But if joint pain becomes severe enough to limit your movement and affect your life, it’s time to see your doctor.
Wear and tear, autoimmune processes, inflammation, and infections can trigger joint pain.
Osteoarthritis is the culprit much of the time. Osteoarthritis occurs when the cartilage or cushion between joints breaks down, which leads to pain, stiffness – especially first thing in the morning or after resting – and swelling.
It can be treated with nonsteroidal anti-inflammatory drugs (NSAIDs), other pain medications, injections, physical therapies, and braces to support the affected joints.
Talk to your doctor if your joint pain was caused by trauma (a twisted ankle, for example), or if pain appears suddenly, is accompanied by fever, or is so severe that it limits your daily activities. See your healthcare provider if the joint is
swollen or is hot or painful to the touch.
Be prepared to answer questions about how long you’ve had the pain, which joints are affected, what worsens or relieves the pain, when the pain is most noticeable, and whether you have any family history of similar pain. After an examination, your physician may ask you to go for testing.

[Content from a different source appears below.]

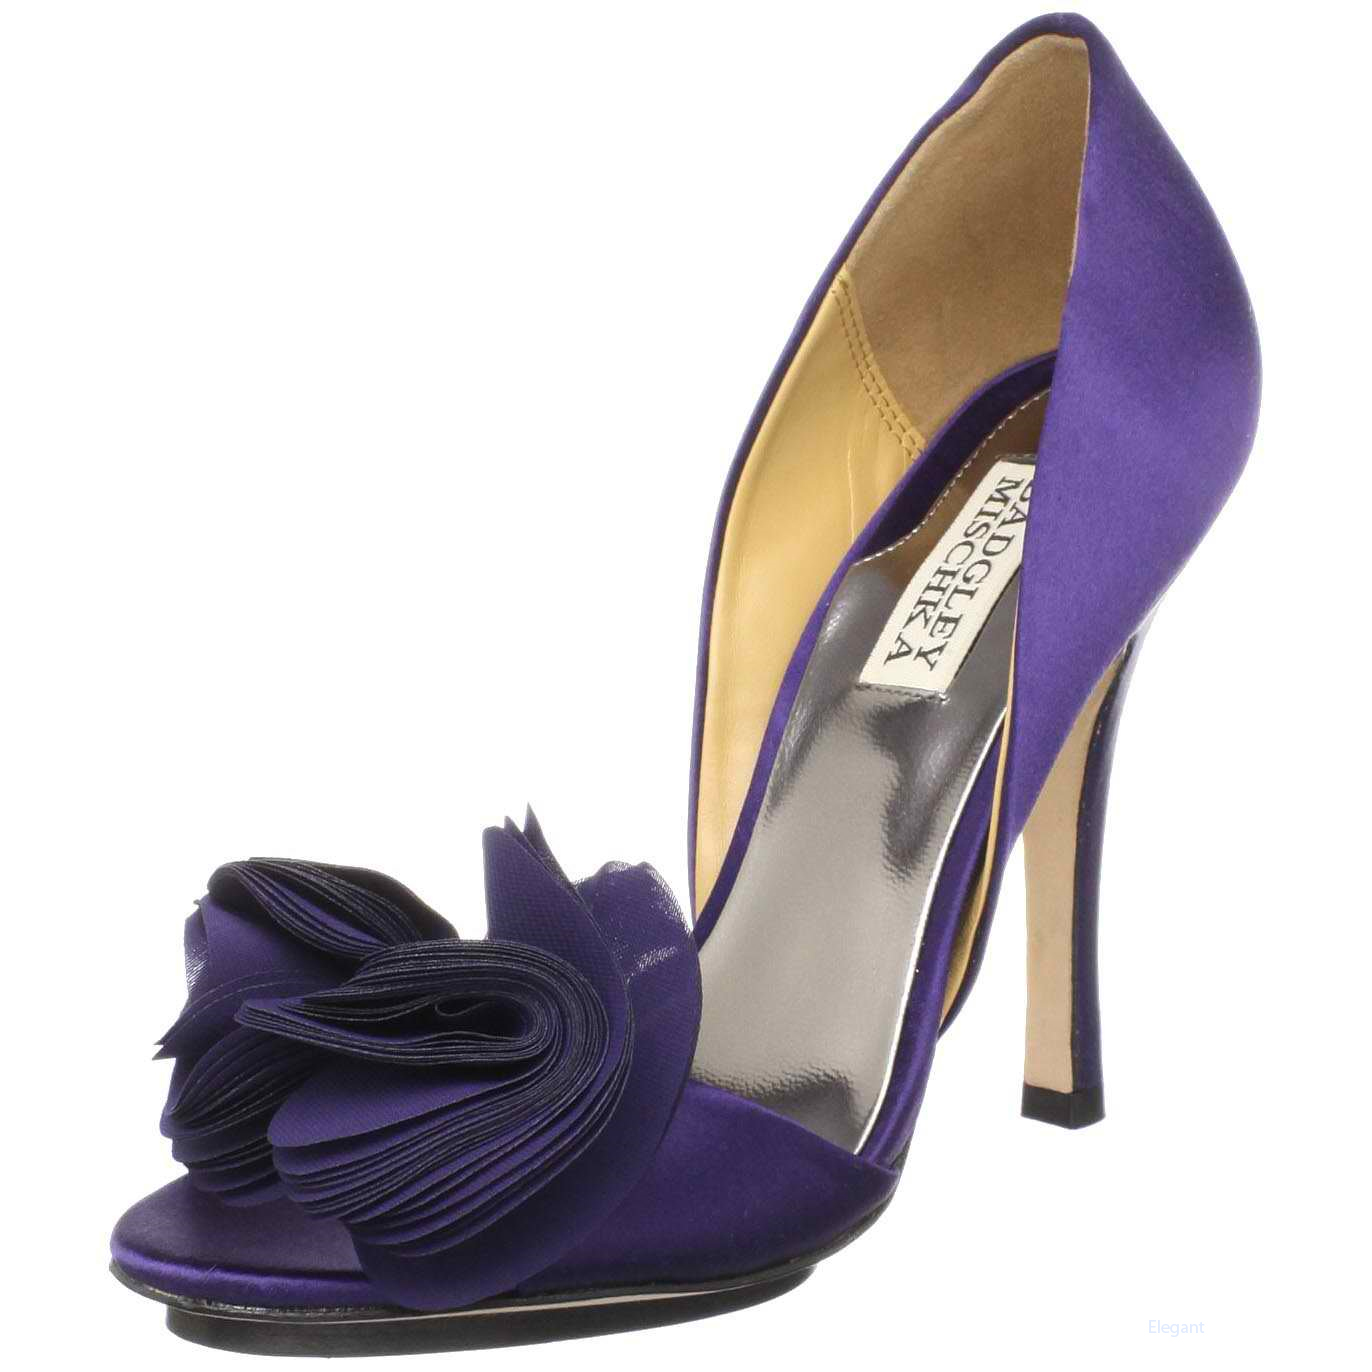 All FUN 143 Purple Bridal Shoes

Treatment depends on the cause of your joint pain. For example, septic arthritis is caused by an infection in the joint and is treated with antibiotics. If you need intravenous (IV) antibiotics, you may be hospitalized.
Gouty arthritis, usually an extremely painful attack with a rapid onset of joint inflammation, is caused by a buildup of crystals in the joint. Treatment includes NSAIDs like aspirin, naproxen (Aleve), and ibuprofen; changing your diet; and sometimes steroids or additional therapies to prevent future episodes.
Regardless of the cause, your healthcare provider can treat most arthritis pain. If needed, he or she can refer you to specialists, such as orthopedic surgeons or rheumatologists.